For instance, a particular ALife experiment could be analyzed from the point of view of anywhere on that axis. Or you could design an ALife situation on any point, e.g. just by focusing on the internal controller that is analogous to a brain (internalist) vs. focusing on the entire system of brain-body-environment (externalist).
Interfacism
Since there has to be an “ism” for everything, there is of course representationalism. Another philosophical stance that is sometimes pitted against representationalism is direct realism.
Direct realism seems to be kind of sloppy. It could simply mean that at some levels of abstraction in the mind, real world objects are experienced as whole objects, not as the various mental middlemen which were involved in constructing the representation of that object. E.g., we don’t see a chair by consciously and painstakingly sorting through various raw sensory data chunks—we have an evolved and developed system for becoming aware of a chair as an object “directly.”
Or, perhaps, in an enactivism or dynamic system sense, one could say that regardless of information processing or representations, real world objects are the primary cause of information patterns that propagate through the system which lead to experience of the object.
My middle ground between direct and indirect realism would, perhaps, be called “interfacism,” which is a form of representationalism that is enactivism-compatible. Perhaps most enactivists already think that way, although I don’t recall seeing any enactivist descriptions of mental representation in terms of interfaces.
What I definitely do not concede is any form of cognitive architecture which requires veridical, aka truthful, accounts anywhere in the mind.
What I do propose is that any concept of an organism can be seen as interactions.
The organism itself is a bunch of cellular interactions, and that blob interacts with other blobs and elements of the environment, some of which may be tools or cognitively-extensive information processors. Whenever you try to look at a particular interaction, there is an interface. Zooming into that interface reveals yet more interfaces, and so on. To say anything is direct, in that sense, is false.

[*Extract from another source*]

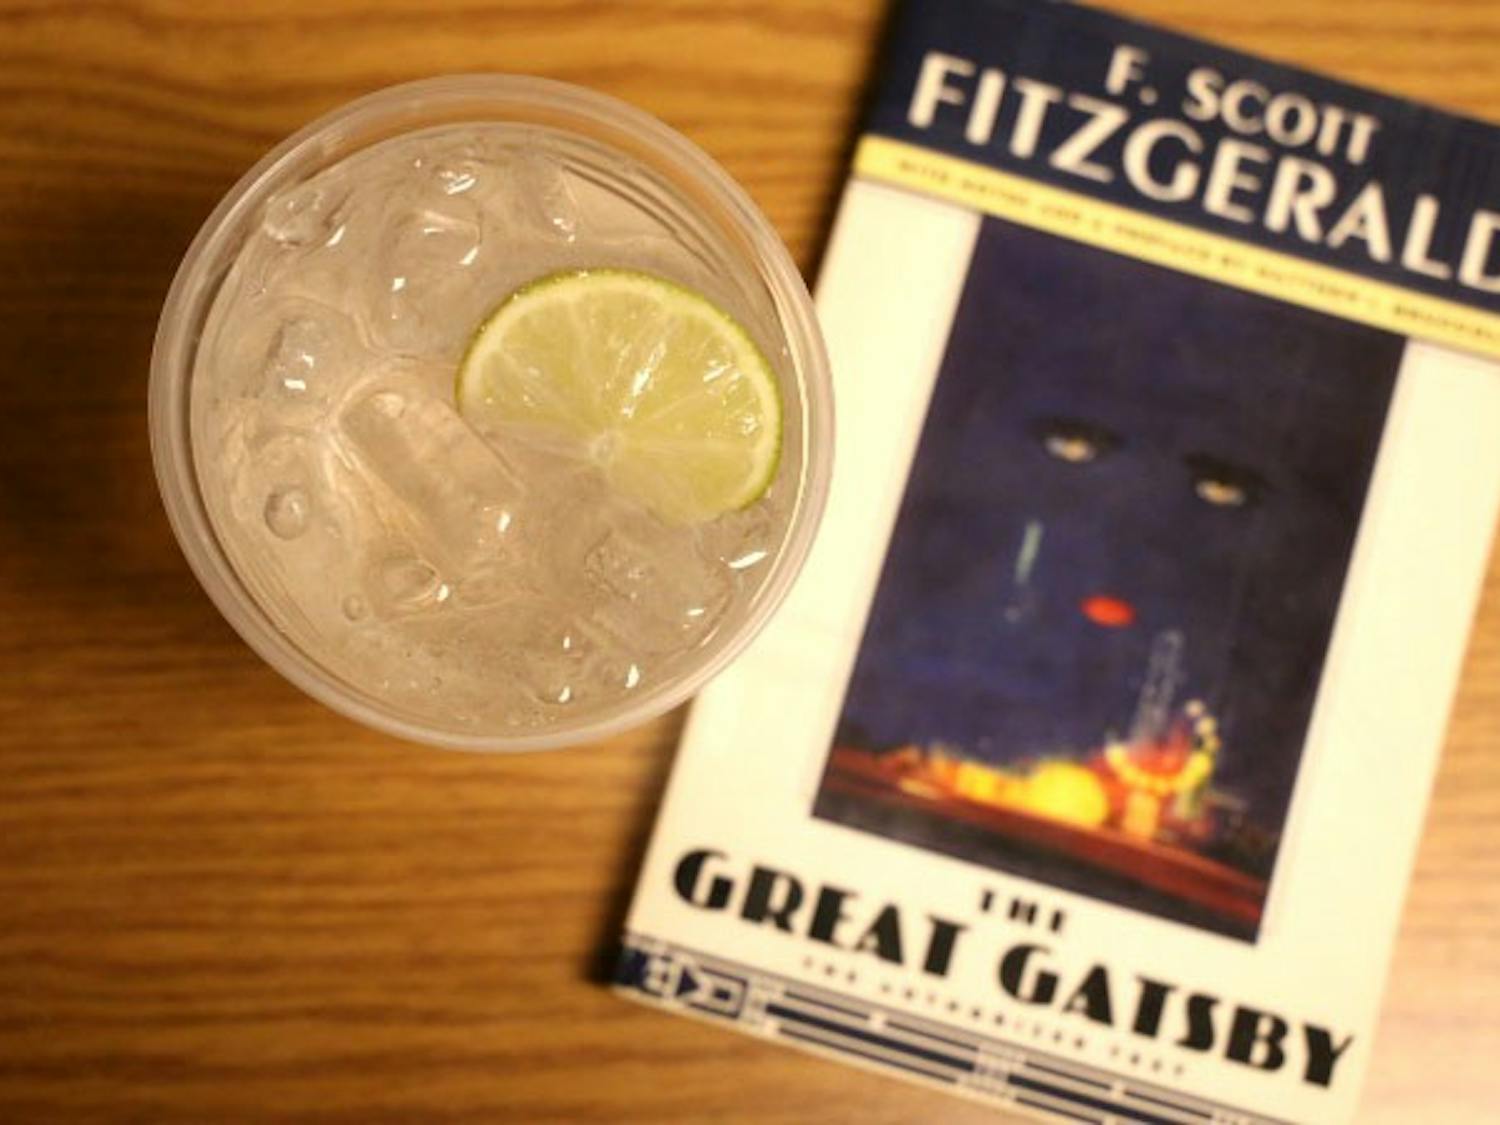 This week, columnist Carson Abernethy pairs The Great Gatsby by F. Scott Fitzgerald with a gin rickey.

For example, an interfacism description of a human becoming aware of a glass of beer would acknowledge that the human as an animate object and the beer glass as an inanimate object are arbitrary abstractions or slices of reality. At that level in that slice, we can say there is an interface between the human and the glass of beer, presumably involving the mind attributed to the human.
But, if we zoom into the interface, there will be more interfaces.
And so on…
And semantics will probably require links to other things, for instance we don’t just see what is in front of us—we can be primed or biased, or hallucinate, or dream, etc.
How sensory data comes to mean anything at all almost certainly involves evolutionary history and ontogeny (life history) and current brain states at least as much as any immediate perceptual trigger. And our perception is just a contraption of evolution, so we aren’t really seeing true reality ever—it’s a nonsensical concept.
I think interfacism is possibly a good alternate way to look at how cognition, be it wide or narrow—at any given cognitive granularity, there is no direct connection between two “nodes” or objects. There is just an interface, and anything “direct” is at a level below, recursively. It’s also compatible with non-truthful representations and/or perception.
Some might say that representations have to be truthful or that there are representations, for instance in animal behaviors, because there is some truthful mapping between the real world and the behavior. With an interface point of view we can throw truth out the window. Mappings can be arbitrary. There may be consistent and/or accurate mappings. But they don’t necessarily have to be truthful in any sense aside from that.